X-Voice: Enabling Everyone to Speak 30 Languages via Zero-Shot Cross-Lingual Voice Cloning
A tiny 0.4B model rivals billion-scale voice cloning with zero-shot cross-lingual ability.
A team of researchers from multiple institutions has released X-Voice, a compact 0.4B-parameter voice cloning model that can replicate any speaker's voice and read text in 30 languages – all without needing a transcript of the reference audio. The model is trained on a massive 420K-hour multilingual corpus using the International Phonetic Alphabet (IPA) as a unified representation, enabling consistent cross-lingual pronunciation. To avoid complex forced alignment or speaker verification pre-processing, the authors designed a two-stage training paradigm. In stage one, a conditional flow-matching model (X-Voice$_{s1}$) synthesizes 10K hours of speaker-consistent audio segments. In stage two, the model is fine-tuned on these segments with the prompt text masked out, yielding X-Voice$_{s2}$ that can clone voices from raw audio alone.
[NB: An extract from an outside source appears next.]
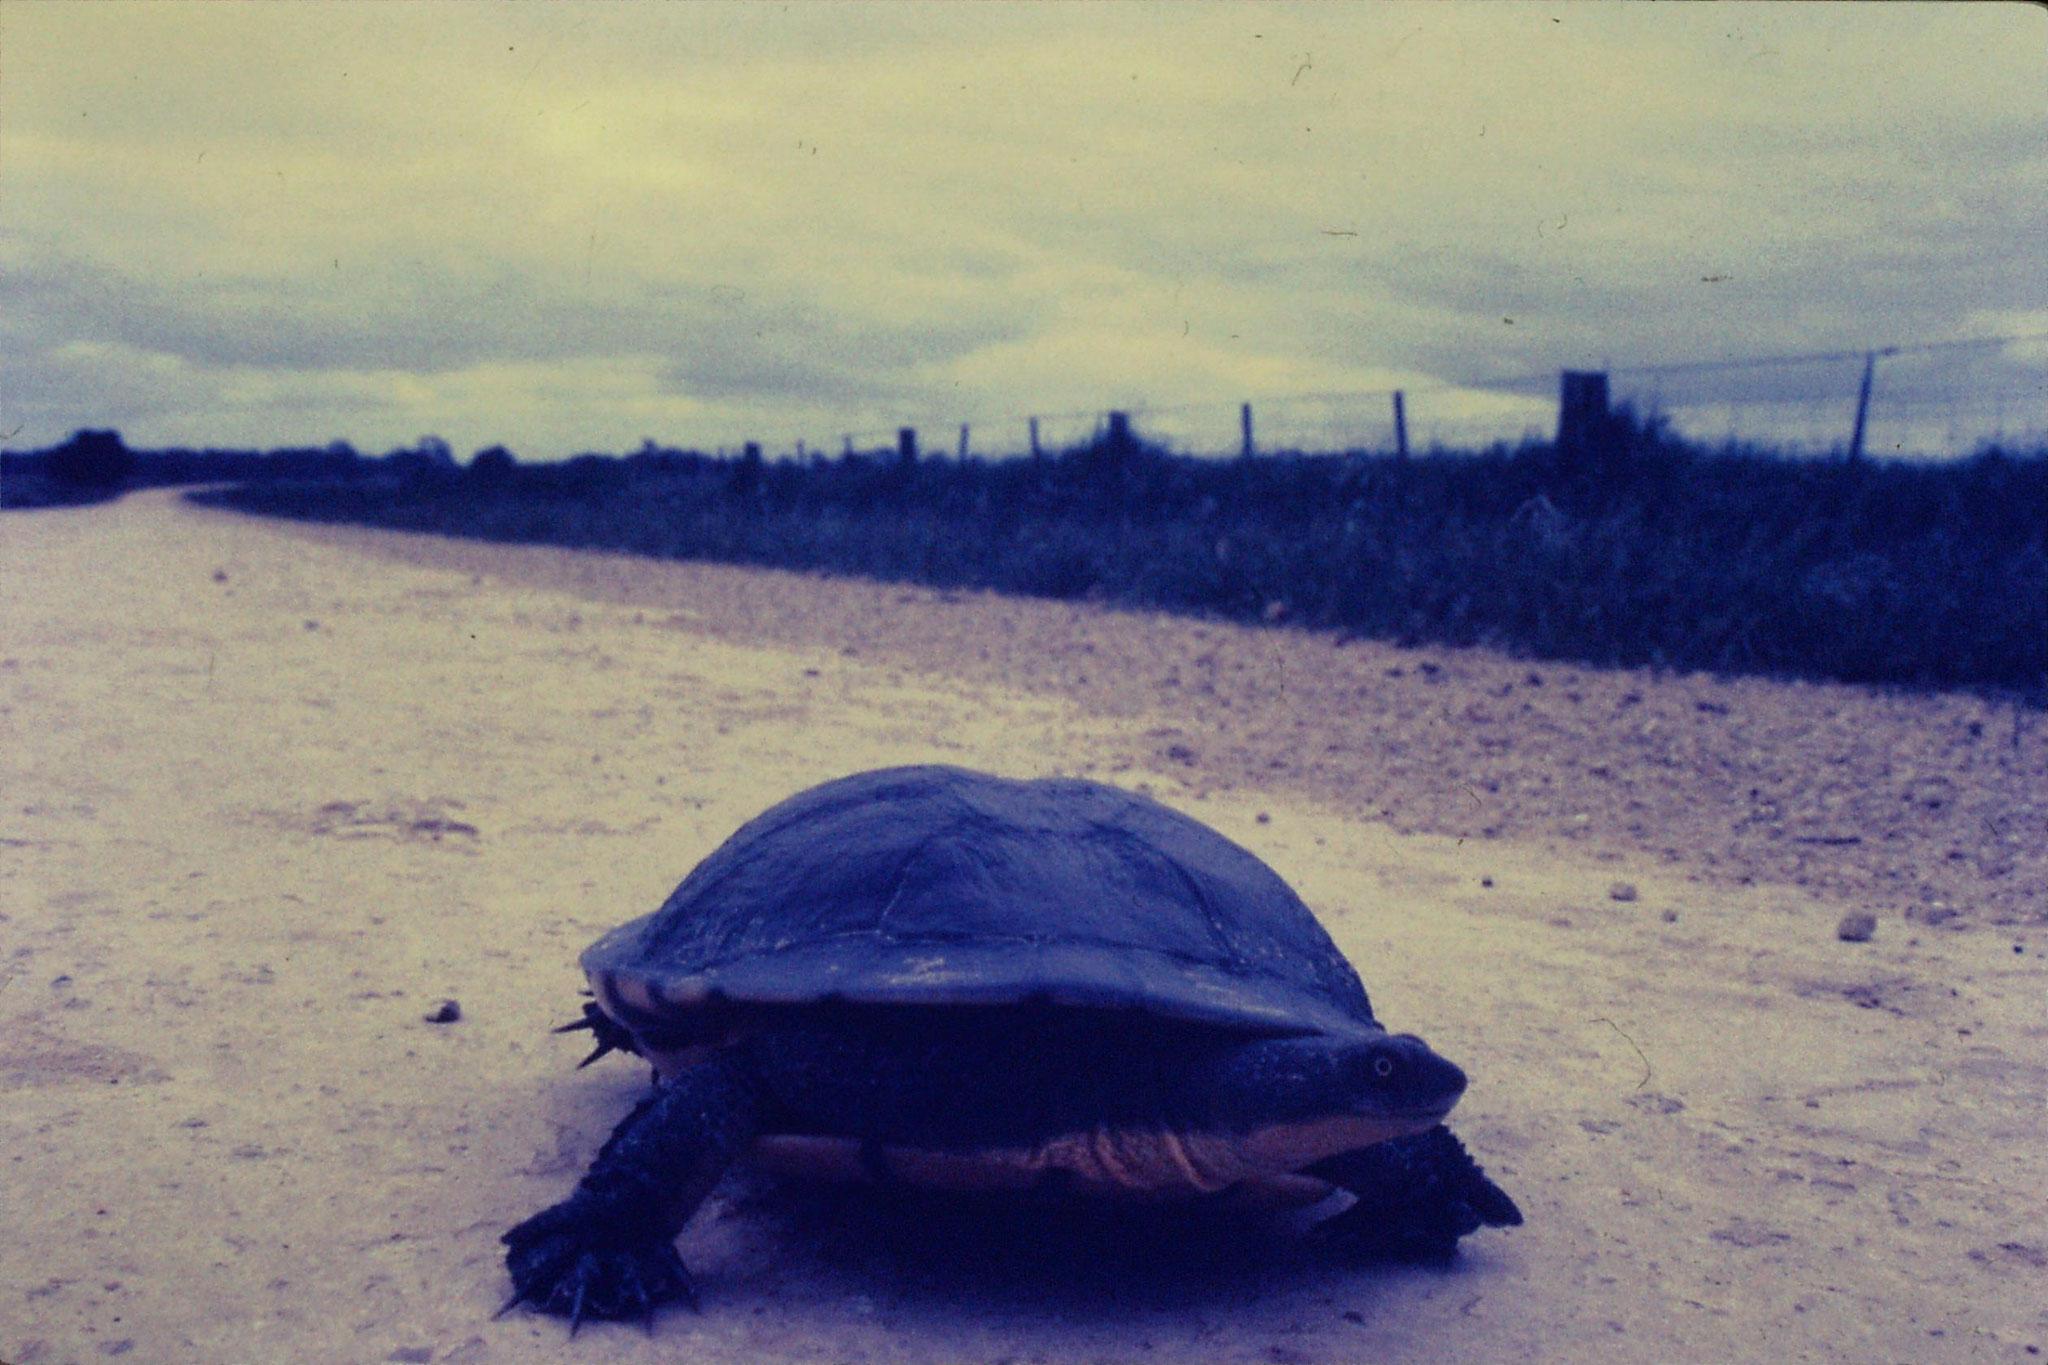 7/11/1990: 6: Naracoorte, tortoise 9 inch

Architecturally, X-Voice extends F5-TTS with dual-level injection of language identifiers and decoupled classifier-free guidance scheduling. Subjective listening tests and objective metrics show that X-Voice surpasses existing flow-matching multilingual systems like LEMAS-TTS, and achieves zero-shot cross-lingual cloning performance on par with billion-scale models such as Qwen3-TTS – all while being significantly smaller. The full model, training code, and evaluation data have been open-sourced to encourage further research and transparency. This release lowers the barrier for multilingual voice cloning, enabling applications in dubbing, accessibility, and personal assistants without depending on proprietary APIs.
- X-Voice is a 0.4B-parameter zero-shot cross-lingual voice cloning model supporting 30 languages.
- Trained on 420K hours of multilingual data using IPA phonemes, eliminating the need for transcriptions of prompt audio.
- Outperforms LEMAS-TTS and matches billion-scale Qwen3-TTS in cloning accuracy; all resources are open-source.
Why It Matters
Open-source voice cloning for 30 languages without transcriptions democratizes multilingual dubbing and accessibility tools.